Hass der Hymnen
Schwer zu begreifen, warum die Zivilisationsmaschine EU zu laute Staubsauger verbietet, aber sowas nicht: „Zu den Waffen, Bürger! / Schließt die Reihen, / Vorwärts, marschieren wir! / Das unreine Blut / Tränke unserer Äcker Furchen!“
Auf Twitter würde solcher Rassismus als Hatespeech geblockt. In Frankreich singt man es als Nationalhymne. Gut, möchte man zur Rechtfertigung vorbringen, der Zweck heiligte im historischen Kontext die Mittel; wo schließlich hätte die Französische Revolution ohne ein paar abgeschlagene Köpfe hingeführt, und wo wäre Europa gelandet ohne Französische Revolution?
Aber warum müssen auch die Belgier nach Bluttränke rufen? Sie singen: „O liebes Land, o Belgiens Erde, (...), / Dir unser Blut, dem Heimatherde.“ Und wessen Herzen glauben die Portugiesen zu erobern mit: „An die Waffen, die Waffen, / Zu Land und zur See“?
Gewaltfantasien aus vermutlich homerischem Erbe frönt bis heute die griechische Hymne: „Ich erkenn’ dich an der Klinge / deines Schwerts, der furchtbaren.“
Laut der ungeschriebenen EU-Kulturgrundverordnung unterscheidet sich (erlaubter) Patriotismus vom (verbotenen) Nationalismus dadurch, dass der Patriot die Liebe anderer Bürger zu einem anderen Land durchaus anerkennt, während der Nationalist sich durch Herabsetzung abgrenzt.
Das kriegen auch die ansonsten durchgezähmten Iren noch nicht ganz hin. Keine Frage, sie sind gebeutelt und haben allen Grund, schwere Melancholiker zu sein. Aber seien wir froh, dass sie in WM-Stadien eher zum romantischen „Fields Of Athenry“ neigen als zu ihrem offiziellen Nationallied, dem märtyrerverliebten „Soldier’s Song“: „Soldaten sind wir, unser Leben gehört Irland!“ Und in der dritten (meist ungesungenen) Strophe: „Out yonder waits the Saxon foe“ (da draußen wartet der angelsächsische Feind).

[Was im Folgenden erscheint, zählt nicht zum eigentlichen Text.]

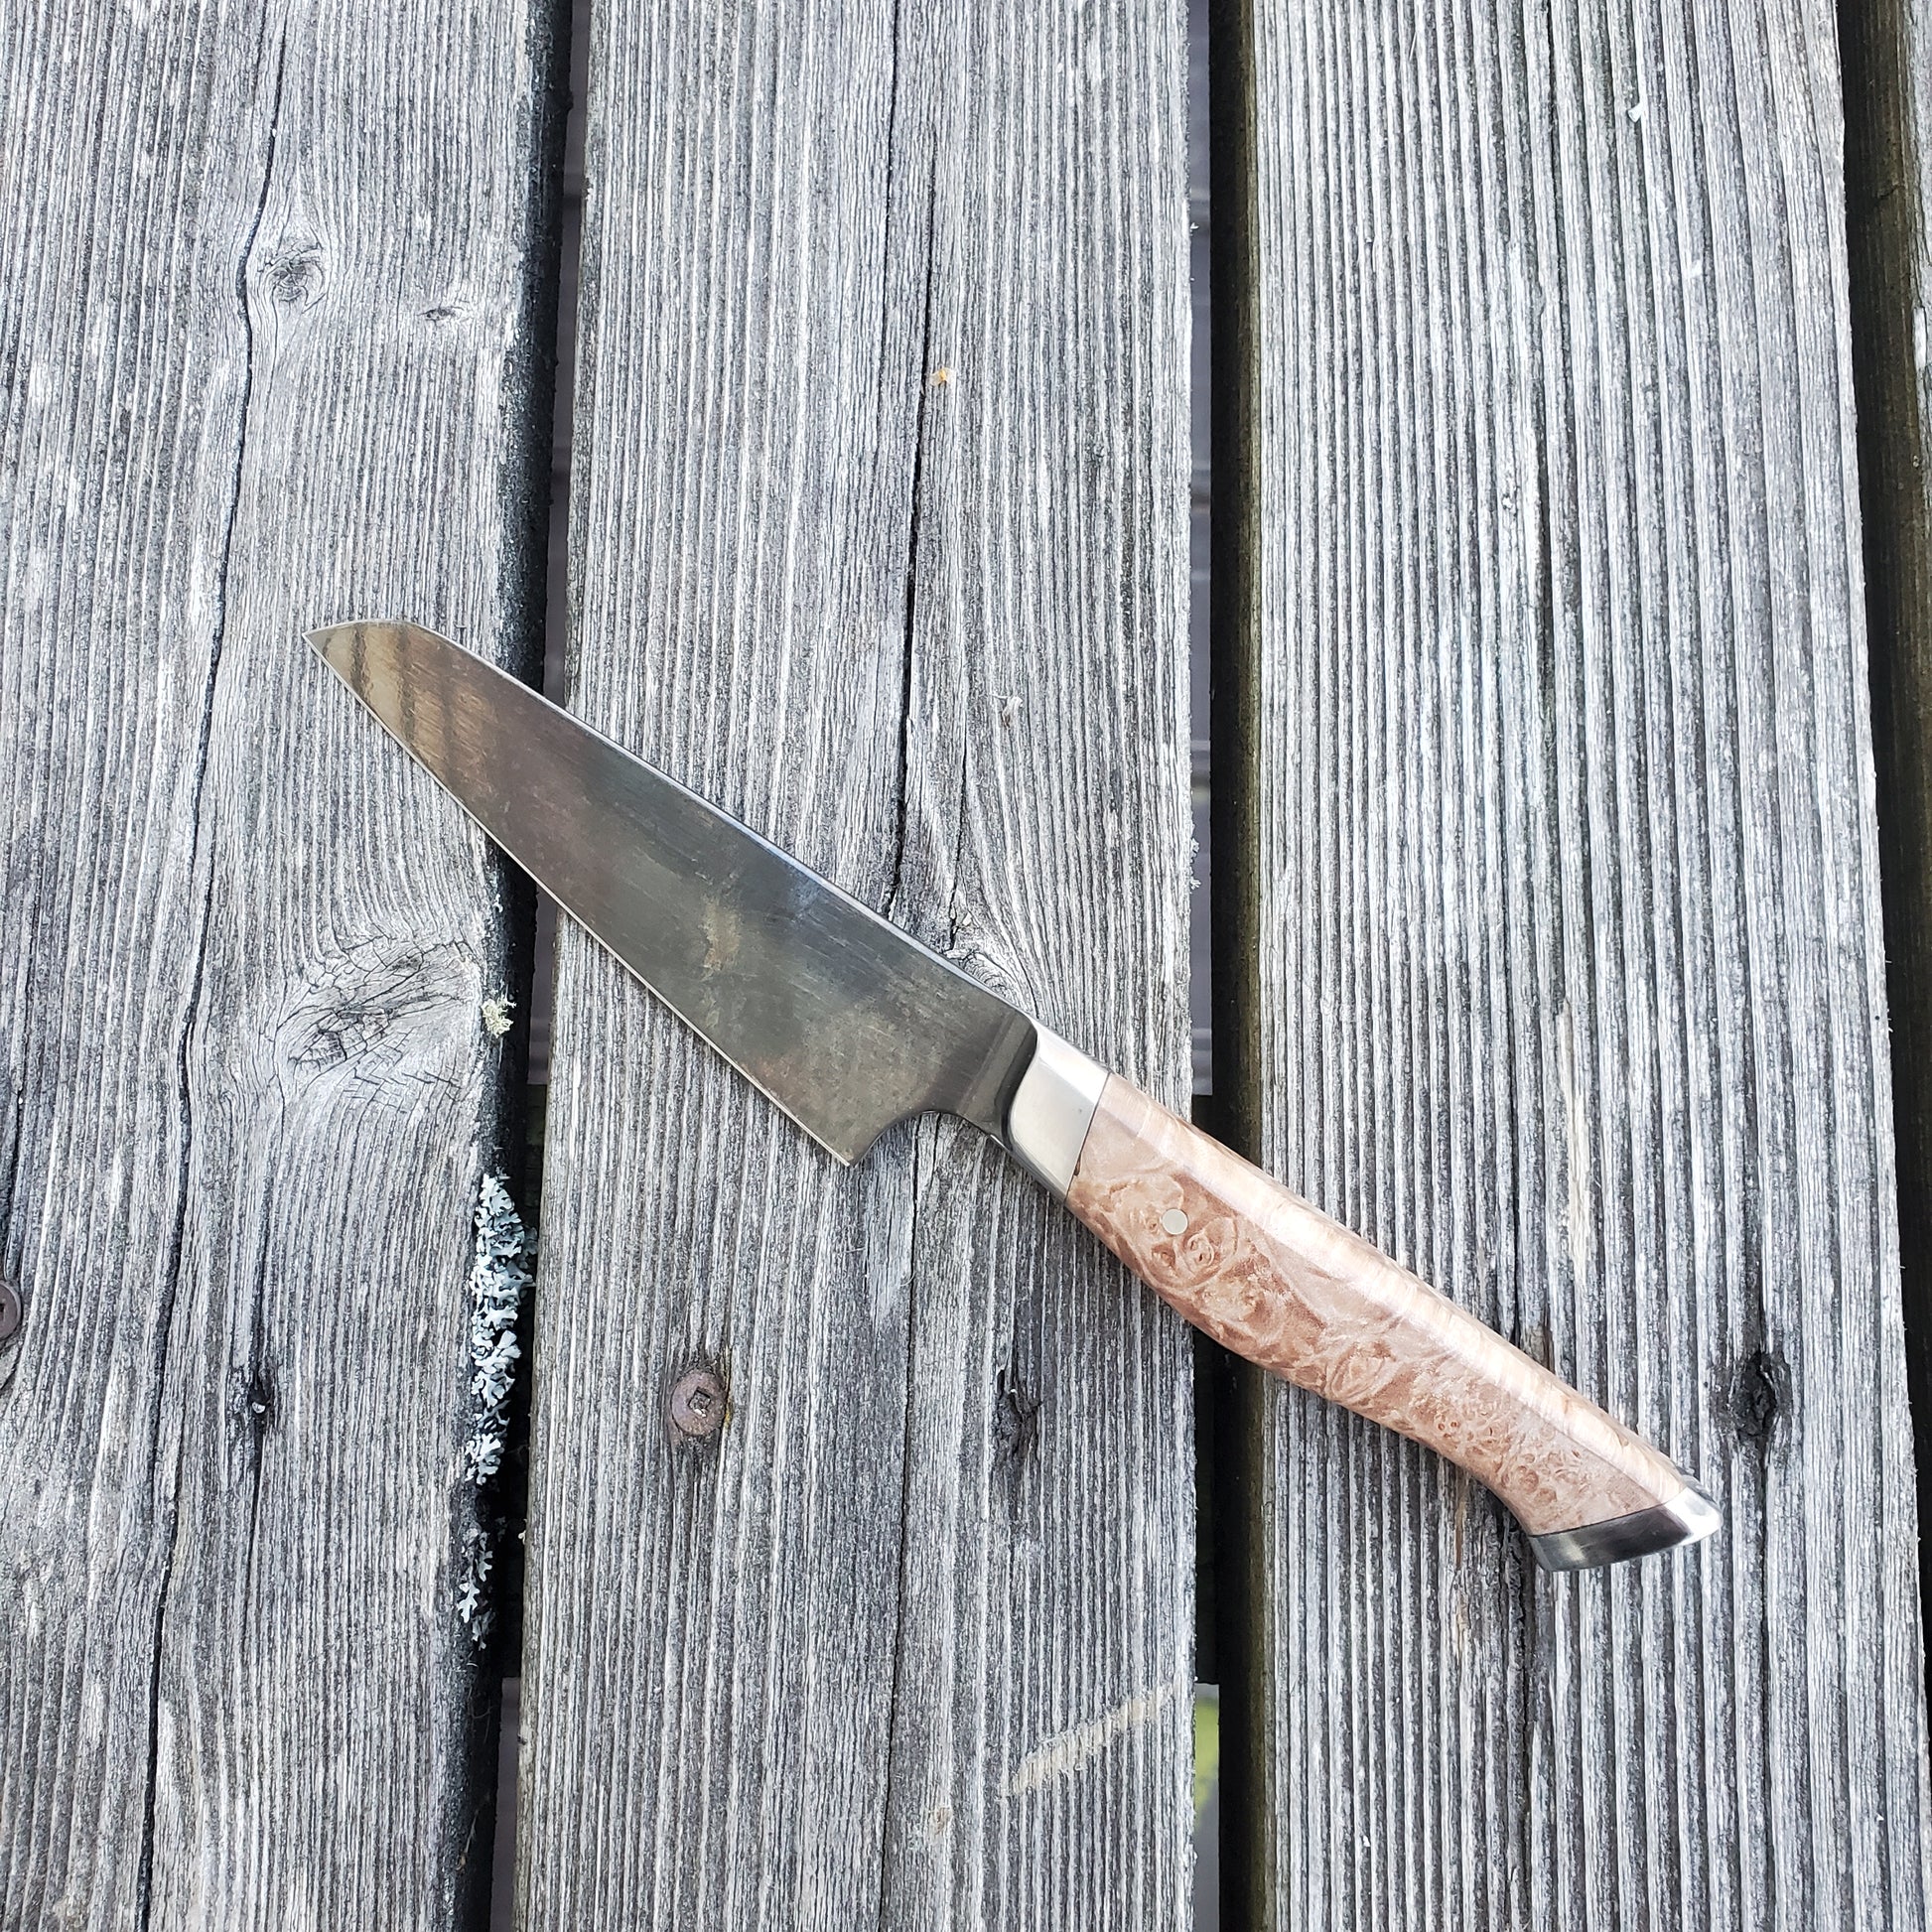 4 Inch Paring Knife - Steelport Knife Co. – Element Knife Company
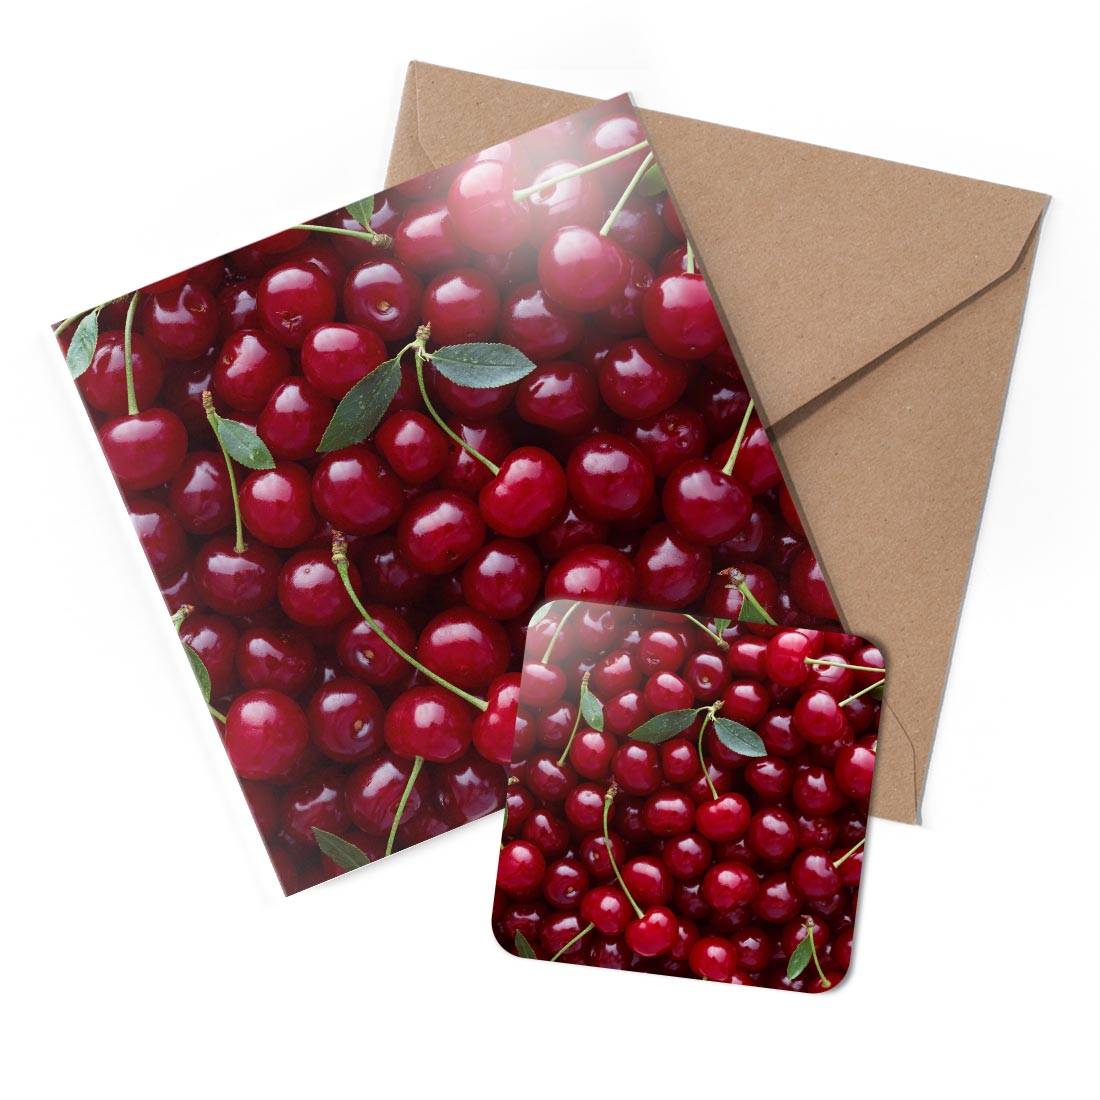 1 x Greeting Card & Coaster Set - Juicy Red Cherries Cherry #51262

Kelten und Romanen sind offenbar Geistesverwandte in nationaler Opferbereitschaft. Wir hören Italien: „Wir sind bereit zum Tod, / Italien hat gerufen!“ Und Rumänien: „Priester, geht voraus, mit den Kreuzen, denn das Heer ist christlich, / Die Devise heißt Freiheit, und der Zweck ist hochheilig, / Lieber glorreich in der Schlacht sterben, / Als wieder Sklaven auf unserem alten Boden zu sein!“ Beim Eurovision Song Contest hätte all das wenig Chancen.
Wir lernen: Im EU-Hymnen-Kapitel ist noch reichlich Harmonisierungsplatz nach oben. Irgendwann, wenn der letzte Staubsauger runtergeregelt ist, wird ein unterbeschäftigter EU-Kommissionsbeamter die Sache entdecken – und schaudern.
Jochen Bittner ist Redakteur der ZEIT.